使用 VCorpus() 函数但丢失内容
Using VCorpus() function but lose content
我正在使用 r
包 tm
中的 VCorpus()
函数。这是我遇到的问题
example_text = data.frame(num=c(1,2,3),Author1 = c("Text mining is a great time.","Text analysis provides insights","qdap and tm are used in text mining"),Author2=c("R is a great language","R has many uses","DataCamp is cool!"))
这看起来像
num Author1 Author2
1 1 Text mining is a great time. R is a great language
2 2 Text analysis provides insights R has many uses
3 3 qdap and tm are used in text mining here is a problem
然后我输入 df_source = DataframeSource(example_text[,2:3])
以仅提取最后 2 列。
df_source
看起来是正确的。在那之后,我做了 df_corpus = VCorpus(df_source)
并且 df_corpus[[1]]
是
<<PlainTextDocument>>
Metadata: 7
Content: chars: 2
而 df_corpus[[1]]
给了我
$content
[1] "3" "3"
但是df_corpus[[1]]
应该return
<<PlainTextDocument>>
Metadata: 7
Content: chars: 49
而df_corpus[[1]][1]
应该return
$content
[1] "Text mining is a great time." "R is a great language"
不知道哪里出了问题。任何建议将不胜感激。
example_text
里面原本应该是字符的文字都变成了因子,因为stringsAsFactors
的'factory-fresh'值为TRUE
,这很奇怪,很烦人我的观点。
example_text <- data.frame(num=c(1,2,3),Author1 = c("Text mining is a great time.","Text analysis provides insights","qdap and tm are used in text mining"),Author2=c("R is a great language","R has many uses","DataCamp is cool!"))

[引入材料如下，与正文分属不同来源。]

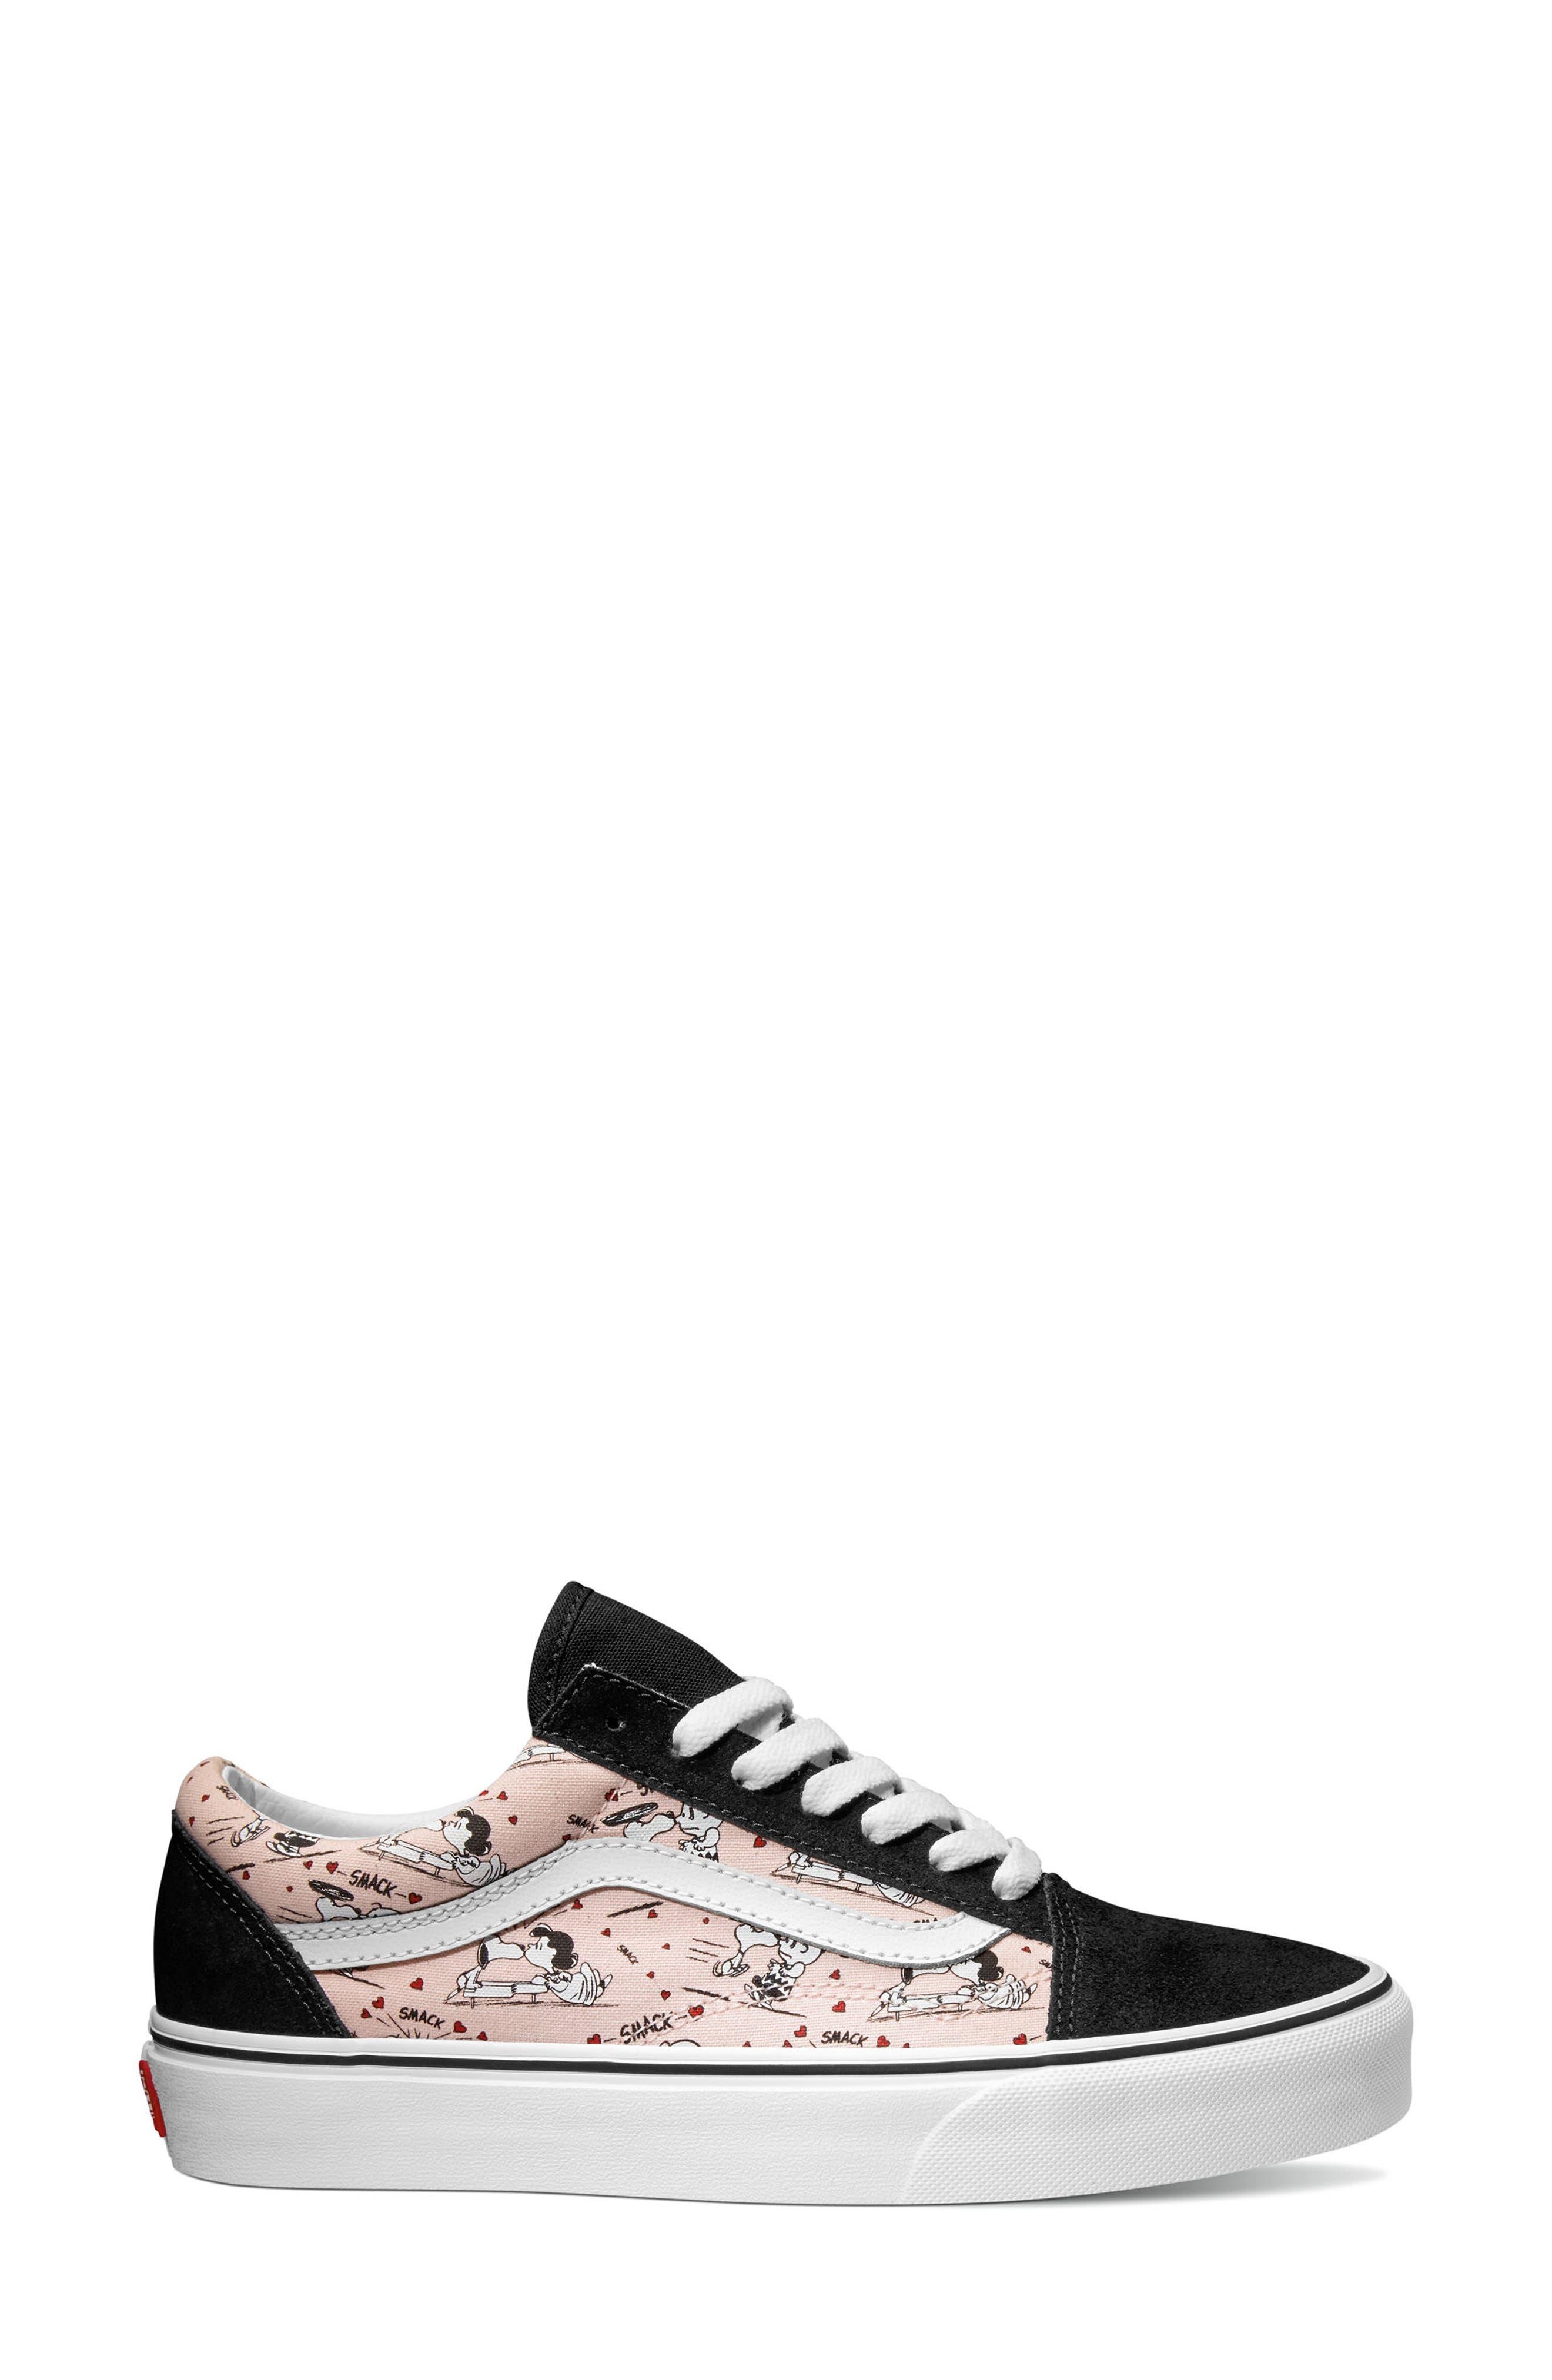 Main Image - Vans x Peanuts Old Skool Snoopy Kisses Sneaker (Women)
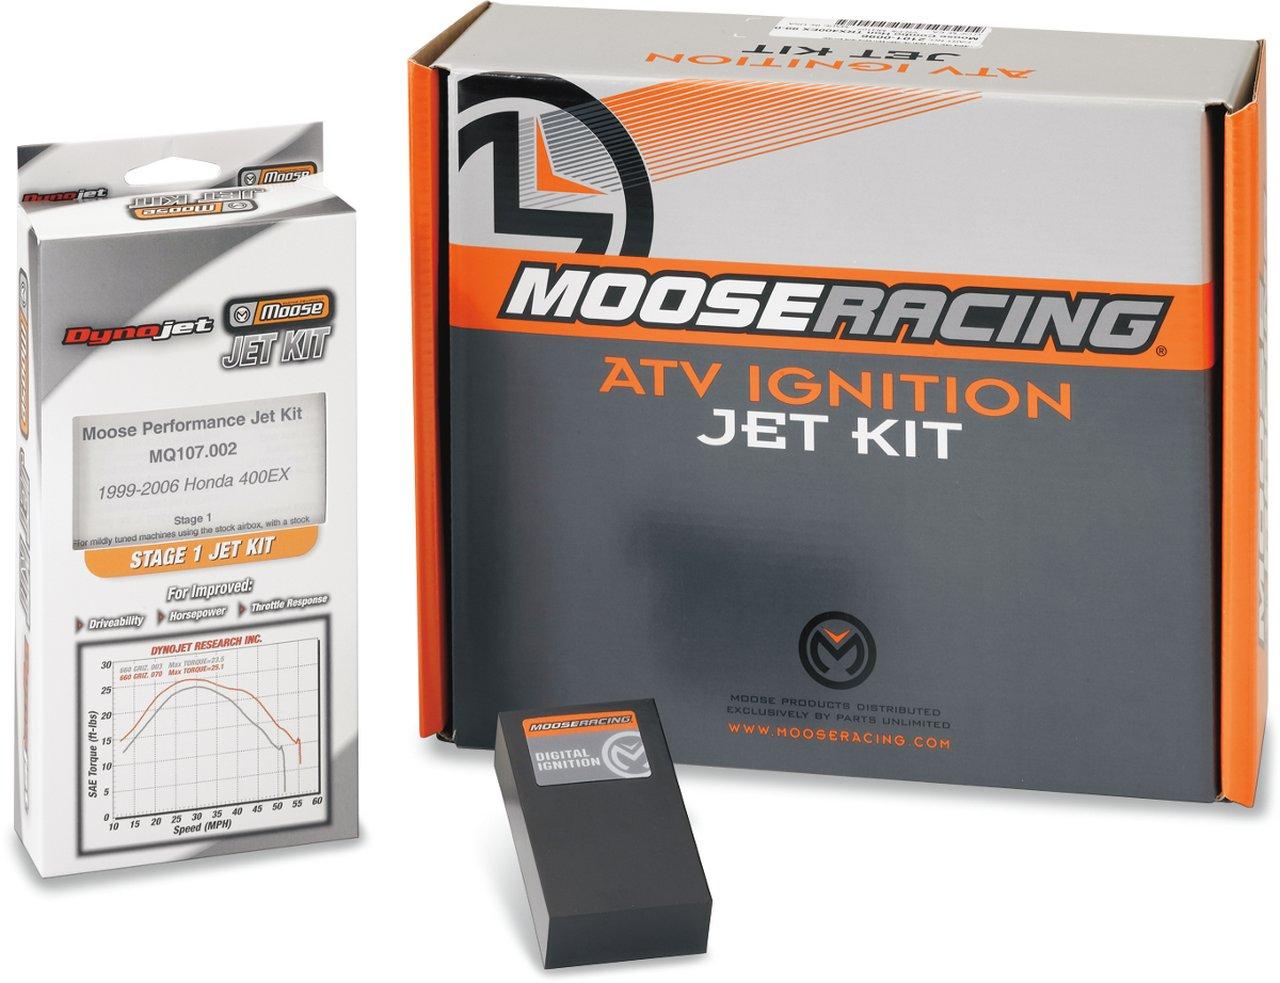 【MOOSE RACING】噴射套件/點火模組 [2101-0101] - 「Webike-摩托百貨」

lapply(example_text, class)
# $num
# [1] "numeric"
#
# $Author1
# [1] "factor"
#
# $Author2
# [1] "factor"
要确保Author1和Author2列为字符列,您可以尝试:
- 在您的代码开头添加
options(stringsAsFactors = FALSE)
。
- 在您的
data.frame(...)
语句中添加 stringsAsFactors = FALSE
。
- 运行
example_text[, 2:3] <- lapply(example_text[, 2:3], as.character)
- 运行
example_text[, 2:3] <- lapply(example_text[, 2:3], paste)
然后一切都应该正常工作。
我正在使用 r
包 tm
中的 VCorpus()
函数。这是我遇到的问题
example_text = data.frame(num=c(1,2,3),Author1 = c("Text mining is a great time.","Text analysis provides insights","qdap and tm are used in text mining"),Author2=c("R is a great language","R has many uses","DataCamp is cool!"))
这看起来像
num Author1 Author2
1 1 Text mining is a great time. R is a great language
2 2 Text analysis provides insights R has many uses
3 3 qdap and tm are used in text mining here is a problem
然后我输入 df_source = DataframeSource(example_text[,2:3])
以仅提取最后 2 列。
df_source
看起来是正确的。在那之后,我做了 df_corpus = VCorpus(df_source)
并且 df_corpus[[1]]
是
<<PlainTextDocument>>
Metadata: 7
Content: chars: 2
而 df_corpus[[1]]
给了我
$content
[1] "3" "3"
但是df_corpus[[1]]
应该return
<<PlainTextDocument>>
Metadata: 7
Content: chars: 49
而df_corpus[[1]][1]
应该return
$content
[1] "Text mining is a great time." "R is a great language"
不知道哪里出了问题。任何建议将不胜感激。
example_text
里面原本应该是字符的文字都变成了因子,因为stringsAsFactors
的'factory-fresh'值为TRUE
,这很奇怪,很烦人我的观点。
example_text <- data.frame(num=c(1,2,3),Author1 = c("Text mining is a great time.","Text analysis provides insights","qdap and tm are used in text mining"),Author2=c("R is a great language","R has many uses","DataCamp is cool!"))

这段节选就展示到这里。